Paul Mitchell examines the editorial biases at work in the Australian poetry community.


Public and private students often ask me where they should send their writing. As a writer of fiction, poetry, journalism and creative non-fiction, who relies upon writing and its associated industries for my livelihood, my approach has always been to:

  • look around Australia and the world;
  • see what kinds of writing particular publications feature;
  • see if my writing fits that publication;
  • find out if they pay;
  • find out (in the case of journalism/creative non-fiction) if I need to pitch or just send the article;
  • follow editorial guidelines to the letter; and
  • hit send or lick the stamps.

But times are changing. Many publications now prioritise reading subscribers’ submissions. They don’t say you will be published because you subscribe, only that you’ll move up the queue. I think this is an important and much-needed step. Especially when I continue to hear from some students how little they read compared to how much they write. In terms of their creative output, they are often standing on the shoulders of pygmies.

Times are also staying the same. Because beyond an editor’s tastes, there are always other biases in play that mean if you send your work to a particular publication you will have no hope of seeing it in print or pixels. That bias can be based on politics, gender, age, genre, fashion, or ‘new’ voices versus ‘trusted’ voices (some publications prefer the former; some the latter).

Take a recent example of bias: left-leaning Overland’s poetry editor, Peter Minter, recently refused a submission based on the fact that the poet had previously been published in right-wing bastion Quadrant. Minter’s public proclamation of bias caused a stir. Why should a poet’s work be judged on their publication history?

I contacted Overland editor Jeff Sparrow and he told me that Minter’s email to the poet in question had been off-the-cuff and that no such editorial policy exists. But I’m sure any poets previously published in Quadrant (or maybe even The Australian) will be gun-shy now of sending to Overland.

Quadrant’s poetry editor, Les Murray, once said in a conversation with Peter Goldsworthy at the Melbourne Writers’ Festival that an editor should publish a poem by the devil himself if that poem has high literary merit. But given the current political climate in Australia, and to note only two of Quadrant’s pet projects (climate change denial and support for a policy of assimilation for Aboriginal Australians), we can see why Minter (an Aboriginal man) expressed his distaste for the journal, and said he wouldn’t publish any poet who’d been published in it, even if this on-the-fly policy was later retracted.

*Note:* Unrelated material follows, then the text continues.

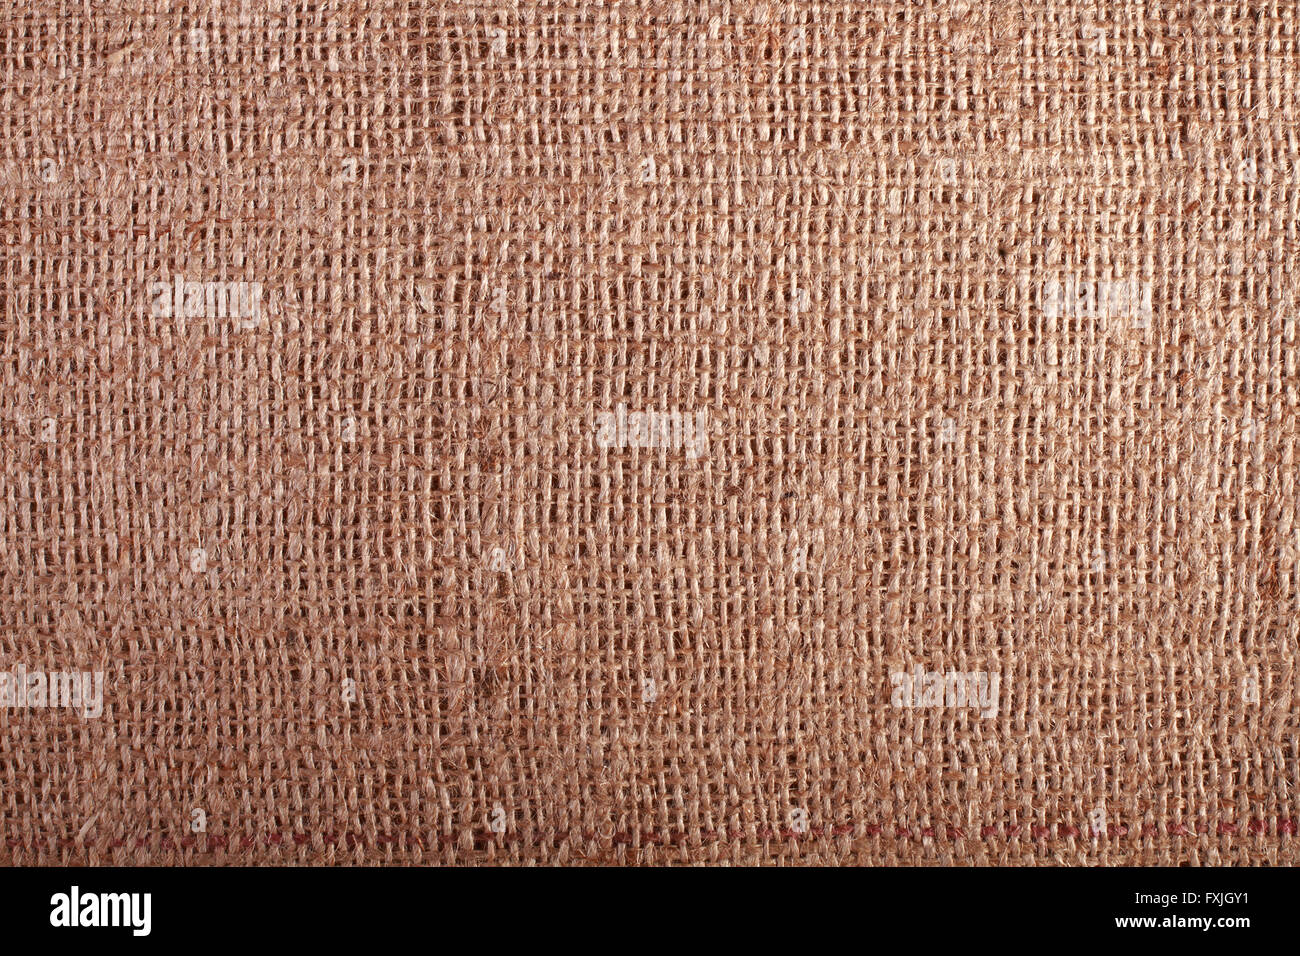 Fondo de arpillera tejido rugoso rústico con espacio de copia Foto de stock

I’ve been published in Quadrant. For a period, I made a point of stating in my bio that I’d been published in it and Overland, as a way of saying that art should be somehow above or independent of politics (as if it can be!). I sent my poems and stories to Quadrant because I met Les Murray at a poetry masterclass in the early 2000s. He said, send me that one you just read. It was called ‘Leaving Glenthompson’. The poem’s heartbeat was its expression of the devastating effects of economic rationalism on a small country town. Les published it. He also published ‘Finding My Mother’s Magic’, a story that dealt with child abuse at the hands of a World War II veteran, and a poem called ‘The Soldier’. That poem used a modern soldier’s techniques as a metaphor for death’s relentless pursuit of an ill person, but can easily be read as an anti-imperialist poem.

It remains a source of minor pride for me that these works with their left-leaning views were published in Quadrant. But that was not my intention. My intention was to send to an editor who was interested in my work. I was a rank beginner when it came to understanding the politics in Australia’s literary journal community.

You can send wherever you want, but if you’re published that reality won’t be viewed as free of values or politics. The truth is that any writer in Australia could be on any editor’s banned list. Editors just don’t normally talk about it. But the bias is there. And, if you think about it, would it be there if you were an editor? For example, if Holocaust denier Fredrick Töben sent me the best sonnet ever written, I wouldn’t publish it. If he sent it to me under a different name – and I didn’t know – I would publish it.

What’s in a name? In the above instance, everything. And so, it seems, can much reside in the name of an Australian literary journal: i.e. your potential publishing opportunities.

I wouldn’t like to think I’m on Peter Minter’s banned list or anyone else’s, but it remains an editor’s prerogative to take into account whatever they want when considering publishing a piece of art. Writers should never be foolish enough to believe that only literary merit will be taken into account. As a friend who’d served at a high political level told me, he’d never seen any group whose decisions were as political as the Australian poetry community.


Paul Mitchell is a poet, fiction writer and journalist. His latest book is Standard Variation, a poetry collection available from Walleah Press. He is completing a PhD in English at La Trobe University.